Она ощутила его. Твердый, длинный и такой загадочно мужественный, он прижался к ее бедру. Она услышала его прерывистое дыхание и открыла глаза. Открыла медленно, неохотно, не желая расставаться с магией мгновений. Ее взгляд пополз вверх по отражавшимся в зеркале рубиновым бархатным юбкам и остановился на крупной, загорелой руке Джастина, растопыренные пальцы которой лежали на ее животе, крепко прижимая ее к его телу.
Его лицо уютно устроилось в изгибе ее шеи, а пряди его каштановых волос прикасались к ее груди. Она задрожала. Он прикоснулся губами к ней, как будто измеряя пульс.
– Я хочу тебя, – пробормотал он. – Я страстно хочу тебя.
Она вздохнула, желая, чтобы они занялись всеми теми вещами, о которых ей рассказала Мэри, – вещами греховными, но такими заманчивыми и увлекательными.
Ей следовало бы оттолкнуть его и надеяться, что он пообещает жениться, прежде чем она допустит физическую близость. Но ей всегда была отвратительна мысль о том, что какого-то мужчину заставят жениться на ней. Она слишком горда. Сейчас она не упустит случая заняться любовью, узнать, что значит быть женщиной. Она не хотела всю жизнь размышлять о том, как это бывает.
Ей двадцать пять лет. Но познавать все с кем-нибудь другим, кроме Джастина, она не желала.
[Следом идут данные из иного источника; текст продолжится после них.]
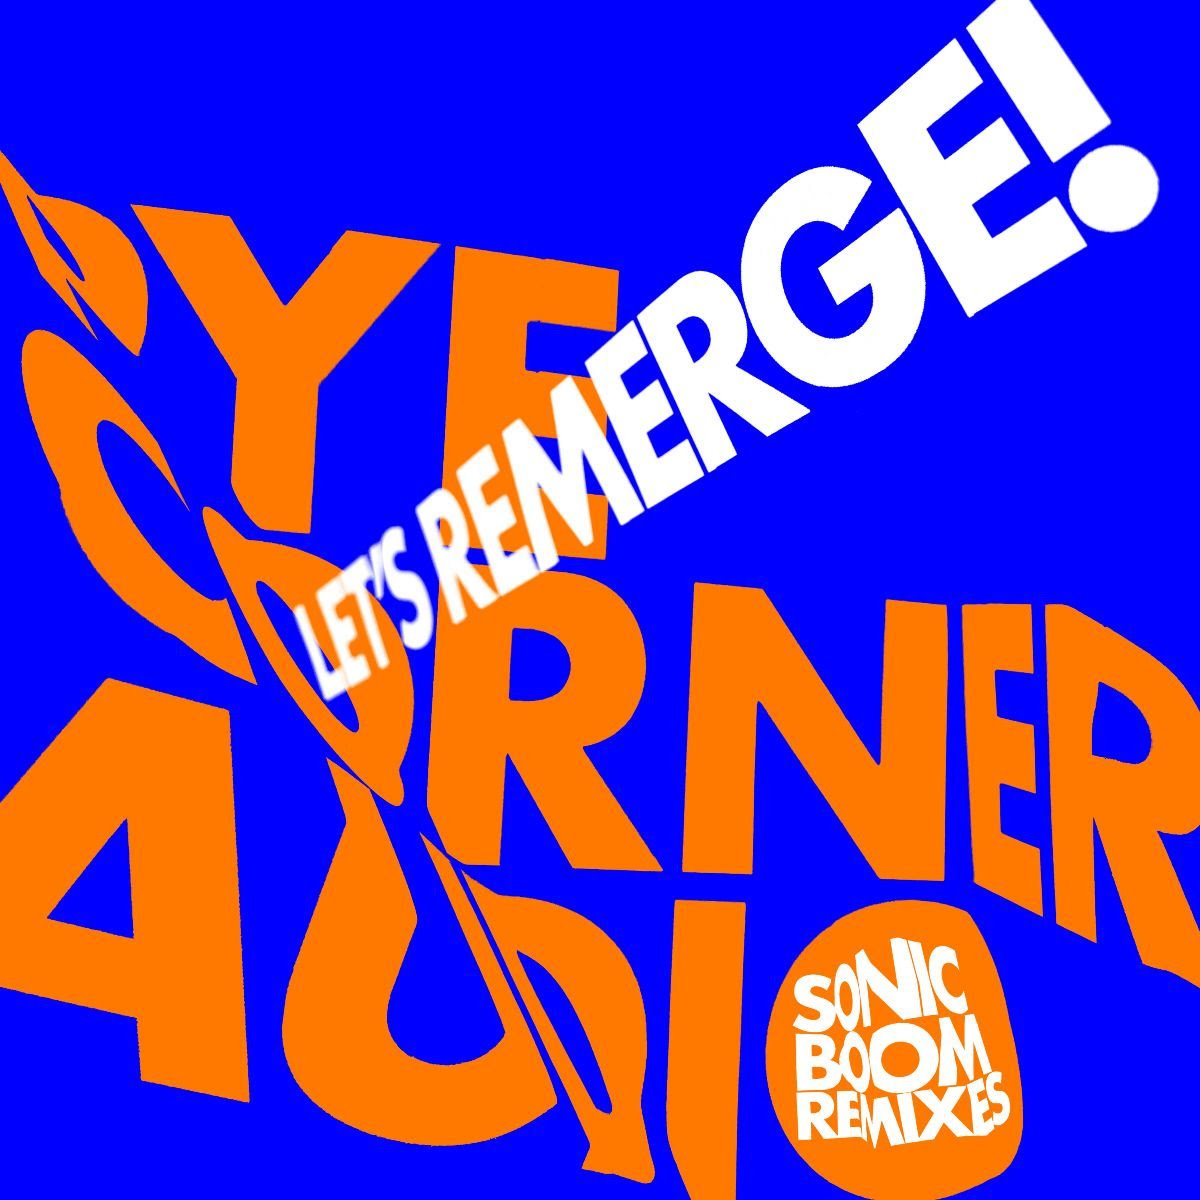 Sonic Cathedral Pye Corner Audio - Let’s Remerge! (Sonic Boom Remixes) (Orange Vinyl)

Она была так поглощена своими мыслями, что не заметила, что он поднял голову и смотрит на ее отражение в зеркале.
– Ты все еще не видишь?
– Не вижу чего?
– Как ты великолепна?
При звуке голоса Джастина Беверли замер на месте, на дюйм не донеся костяшки пальцев до двери, в которую собирался постучать. Он явился сюда в полной уверенности, что комната пуста и ему ничто не помешает. Он какое-то время слонялся в холле, пока леди Эвелина не спустилась к обеду, и уже собирался проникнуть в ее комнату и унести ящик, как кто-то из гостей подозвал его к себе. Ему пришлось узнать, что от него требуется.
Он надеялся, что с ящиком ничего не случится. Он отсутствовал совсем недолго.
Звук голоса Джастина застал его врасплох, тем более что он моментально понял, что она тоже находится в комнате вместе с ним. Он застыл на месте скорее от удивления, чем движимый желанием подслушать разговор.
Он никогда не слышал, чтобы Джастин говорил таким голосом. Было в его тоне изумление, благоговение и какая-то пылкость, страстность. Он даже покраснел. И в самый неподходящий момент его окликнул голос с французским акцентом:
– Подслушиваете, мистер Беверли?
Он оглянулся, надеясь, что одного красноречивого сердитого взгляда будет достаточно, чтобы приструнить ее и заставить замолчать. Но она стояла в конце коридора, склонив набок голову с копной рыжих волос, и отнюдь не выглядела испуганной. А выглядела скорее дерзкой.
Она подплыла к нему, ткнула в грудь толстеньким пальчиком, потом им же помахала перед его носом и шепотом спросила:
– Чем вы тут занимаетесь? Стоите перед дверью в спальню мисс Эвелины, красный как свекла… – Услышав из-за двери голос Джастина, она ойкнула от неожиданности.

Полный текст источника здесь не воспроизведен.